Aisyah RA pernah ditanya tentang watak pribadi Rasulullah, dan ia menjawab: “Rasulullah SAW adalah orang yang memiliki akhlak terbaik: beliau tidak pernah kasar, berbuat keji, berteriak di pasar, dan membalas kejahatan dengan kejahatan. Sebaliknya, beliau pemaaf dan selalu mendamaikan.” Di antara sifat Rasulullah SAW adalah kegemarannya untuk memberi maaf. Beliau seringkali memaafkan orang yang menyakitkan perasaannya.
Memberikan maaf bukanlah perkara mudah, namun hal ini merupakan ujian bagi keimanan seseorang. Ketika seseorang memaafkan, ia mengalahkan egonya dan menjauhkan amarahnya. Allah SWT berfirman, “Barangsiapa yang memaafkan dan mendamaikan, maka pahalanya dari Allah SWT.” Dalam hadits juga disebutkan, “Allah tidak menambahkan sesuatu kepada orang yang memaafkan kecuali kemuliaan.” Memberi maaf bukanlah tanda kelemahan, sebab Allah SWT akan memuliakan orang yang bersedia memaafkan kesalahan orang lain. Bahkan Allah telah menyiapkan pahala yang besar bagi orang tersebut.

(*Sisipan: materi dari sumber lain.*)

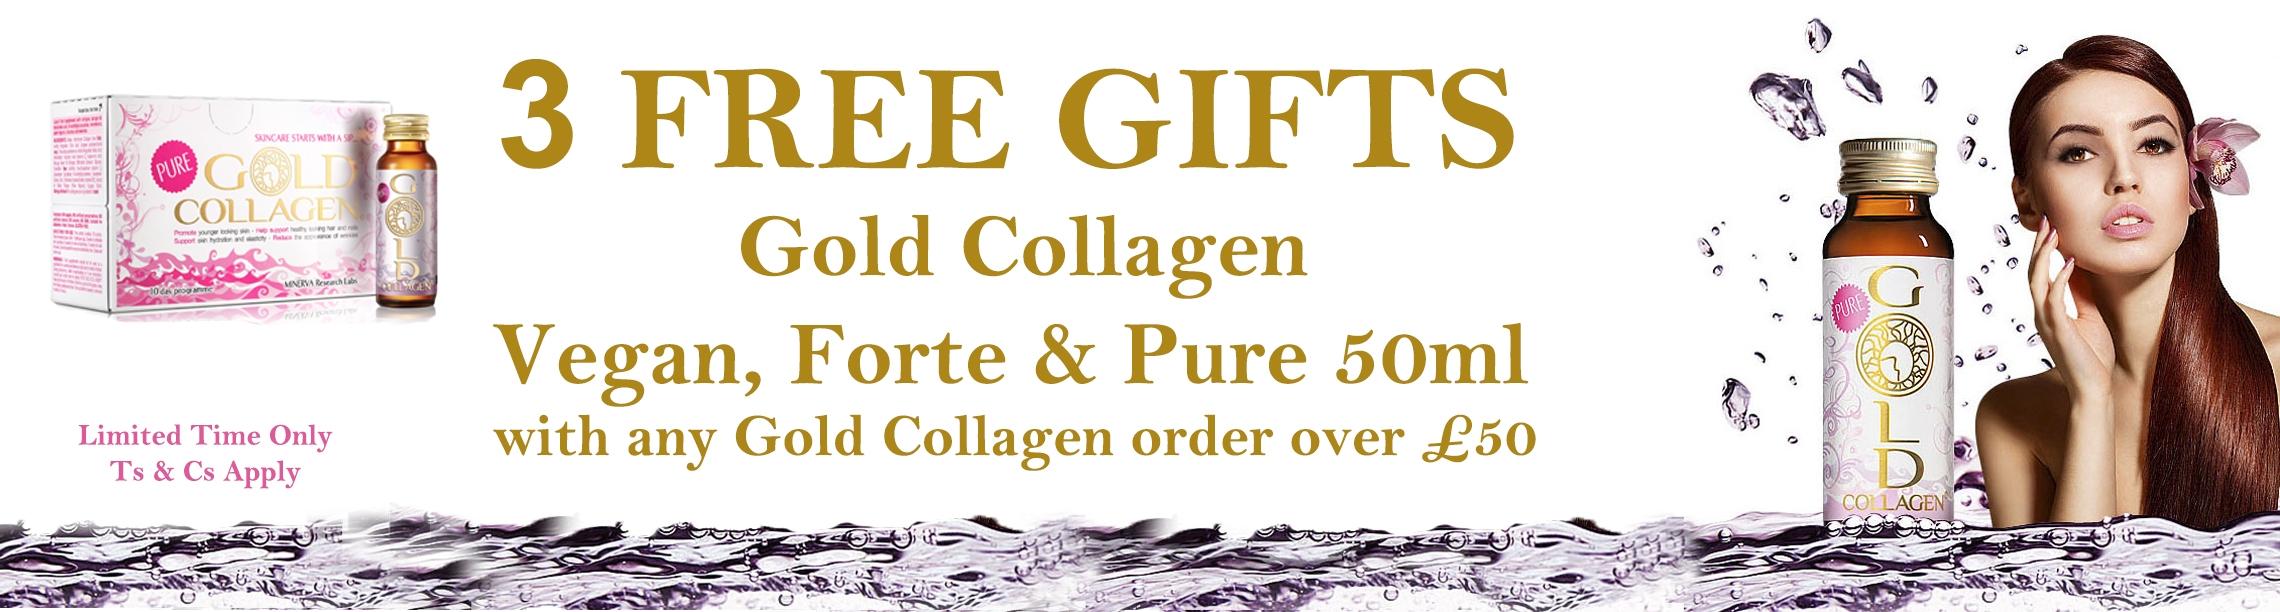 Gold collagen free gift

Dengan memberi maaf, kita mencoba untuk mengikuti jejak Nabi SAW. Mengikuti etika dan kesopanan yang beliau ajarkan lebih penting daripada sekadar mengikuti model pakaian Nabi. Kesopanan dan kelembutan Nabi SAW begitu luar biasa sehingga sahabat Al-Bara bin ‘Azib menggambarkan wajah beliau seperti bulan, bukan seperti pedang.
Melalui tindakan memberi maaf, kita tidak hanya menahan amarah, tetapi juga menunjukkan keutamaan dalam Islam. Jika Nabi SAW bersikap pemarah dan pendendam, mungkin jumlah pemeluk agama Islam tidak sebanyak saat ini. Teruslah berbuat baik, sebab dalam memberi maaf, kita menunjukkan ketulusan iman kita.